▶ [EXERCISE GOAL] What is needed is an exact reproduction of the lines from the one that contains "Design Program デザインリサーチの手法" through the end of the data, both included and nothing else, with pictures omitted.

··· GIVEN DATA ···

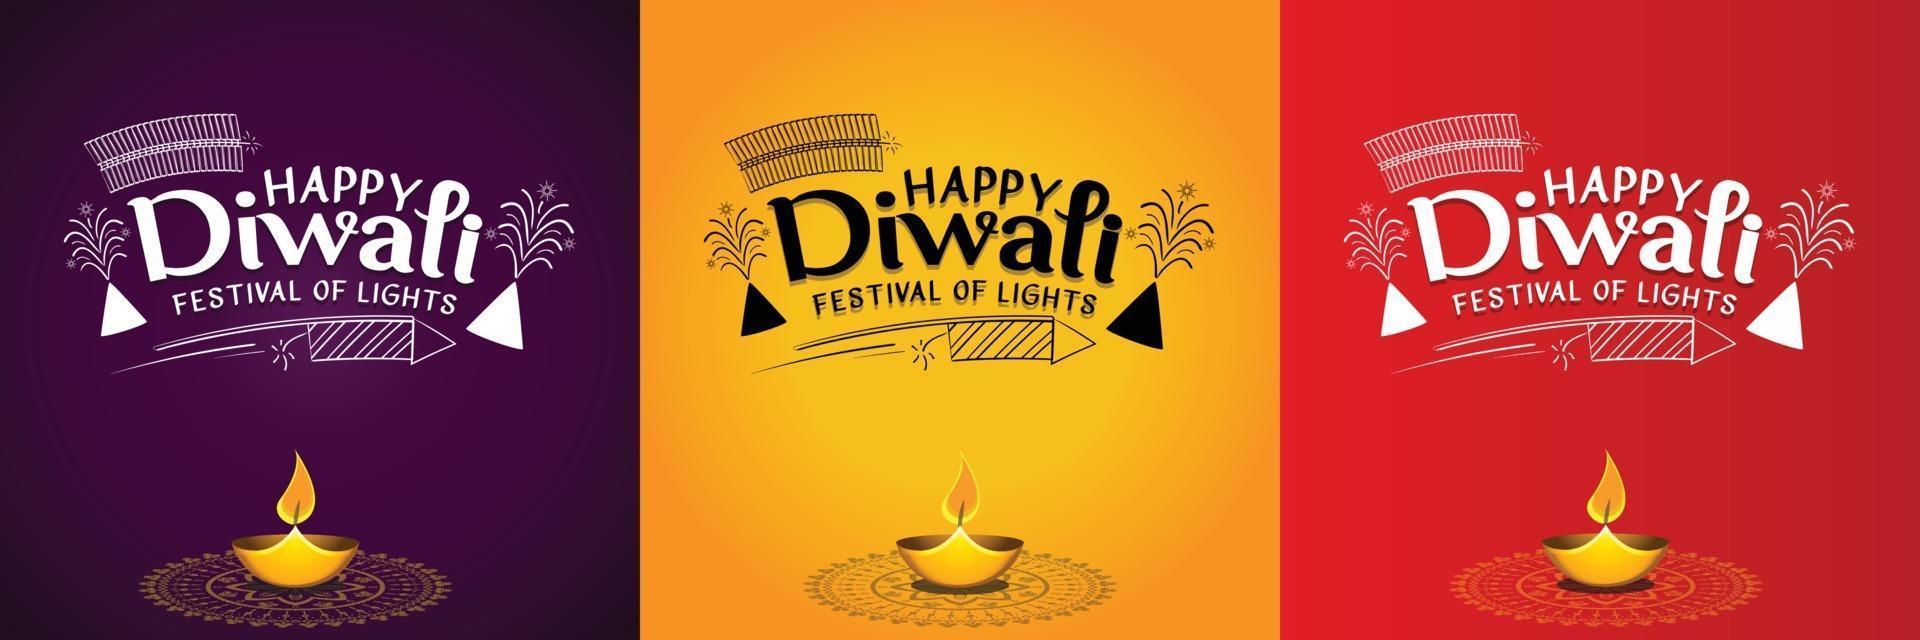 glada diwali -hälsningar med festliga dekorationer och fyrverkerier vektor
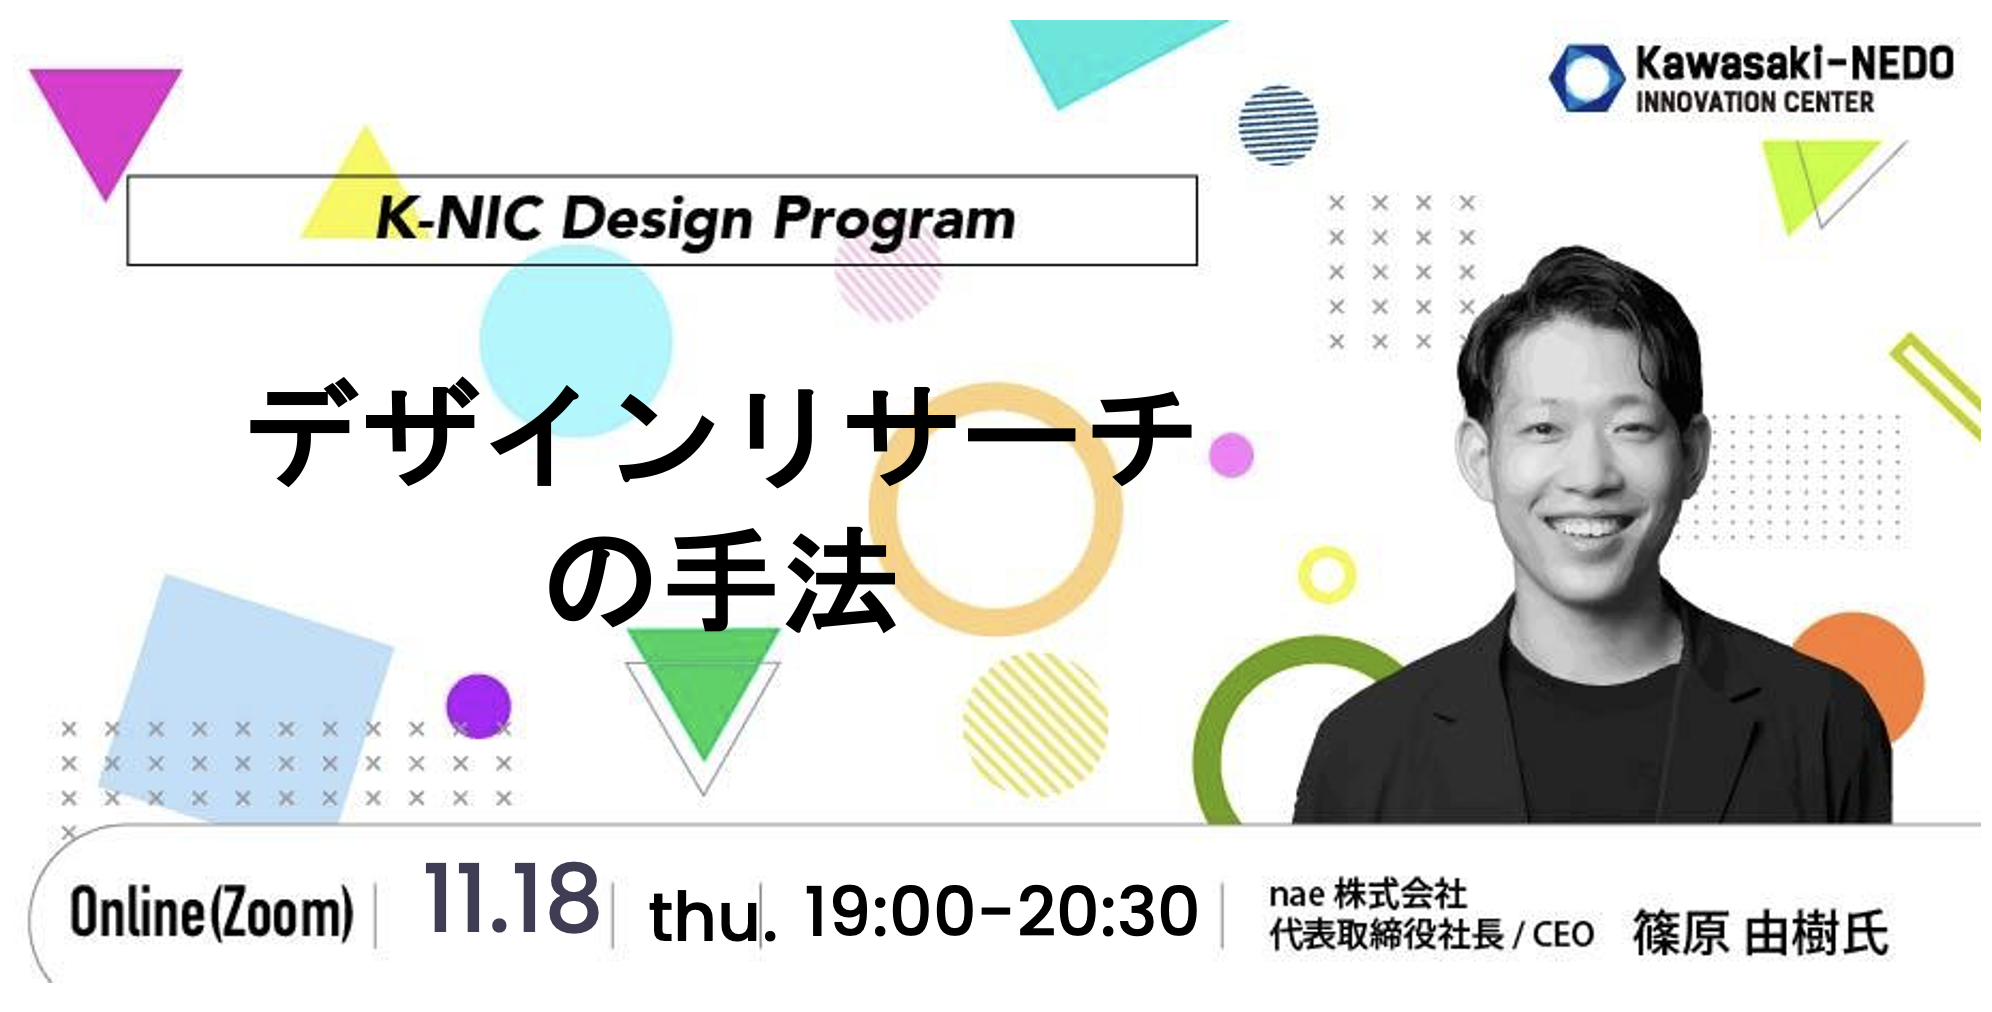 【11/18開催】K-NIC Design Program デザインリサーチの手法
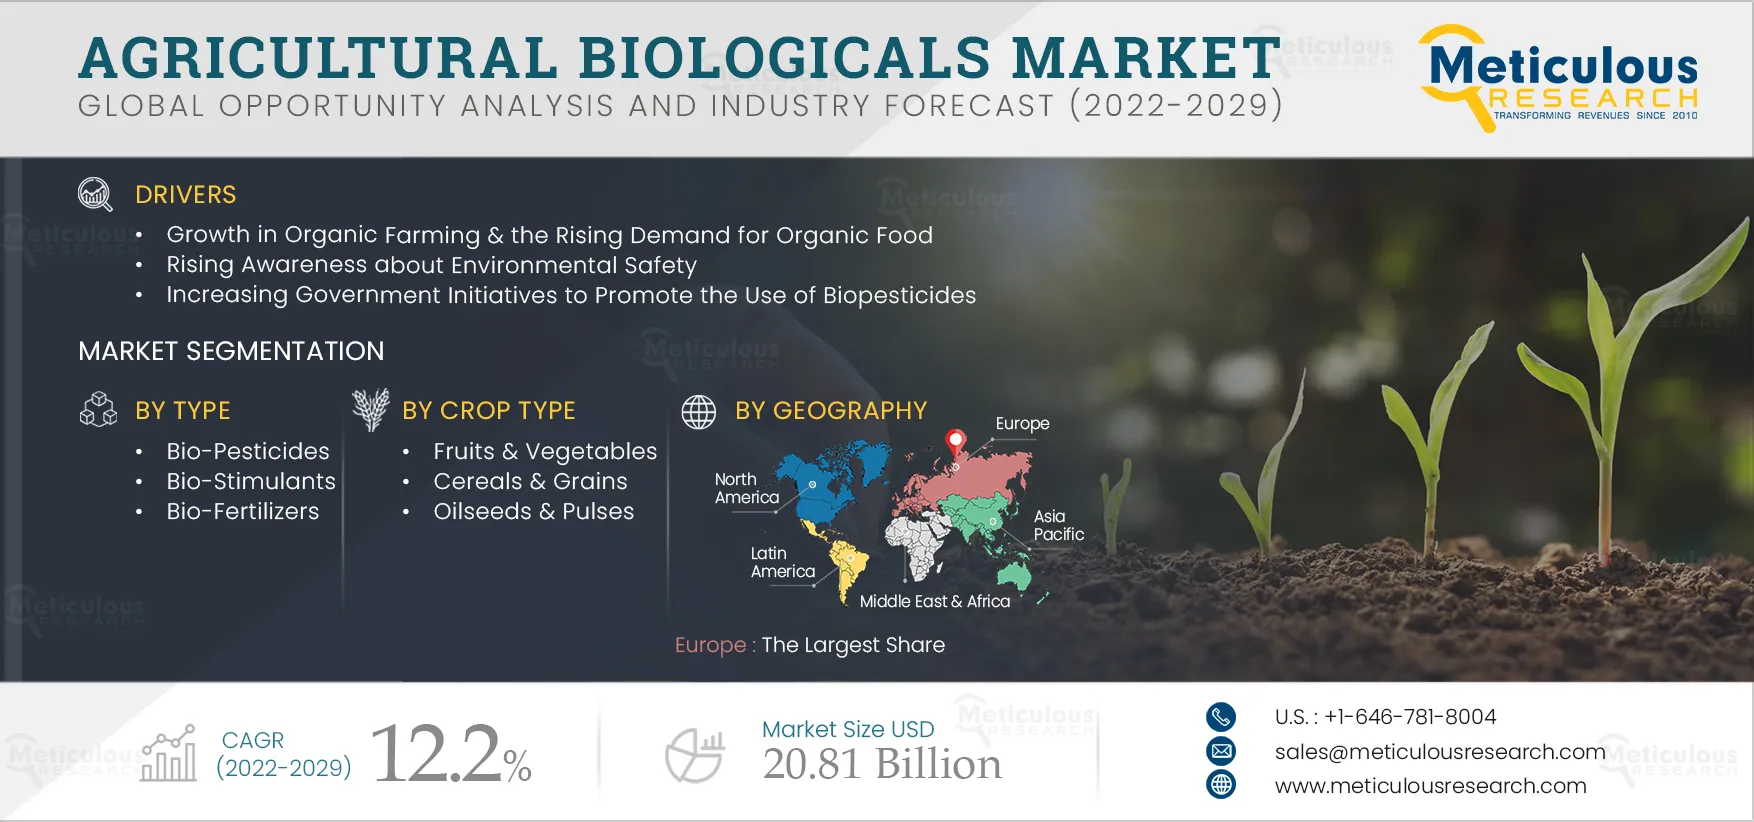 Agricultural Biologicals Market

···

▶ [RESULT OF THE EXERCISE]
 【11/18開催】K-NIC Design Program デザインリサーチの手法
 Agricultural Biologicals Market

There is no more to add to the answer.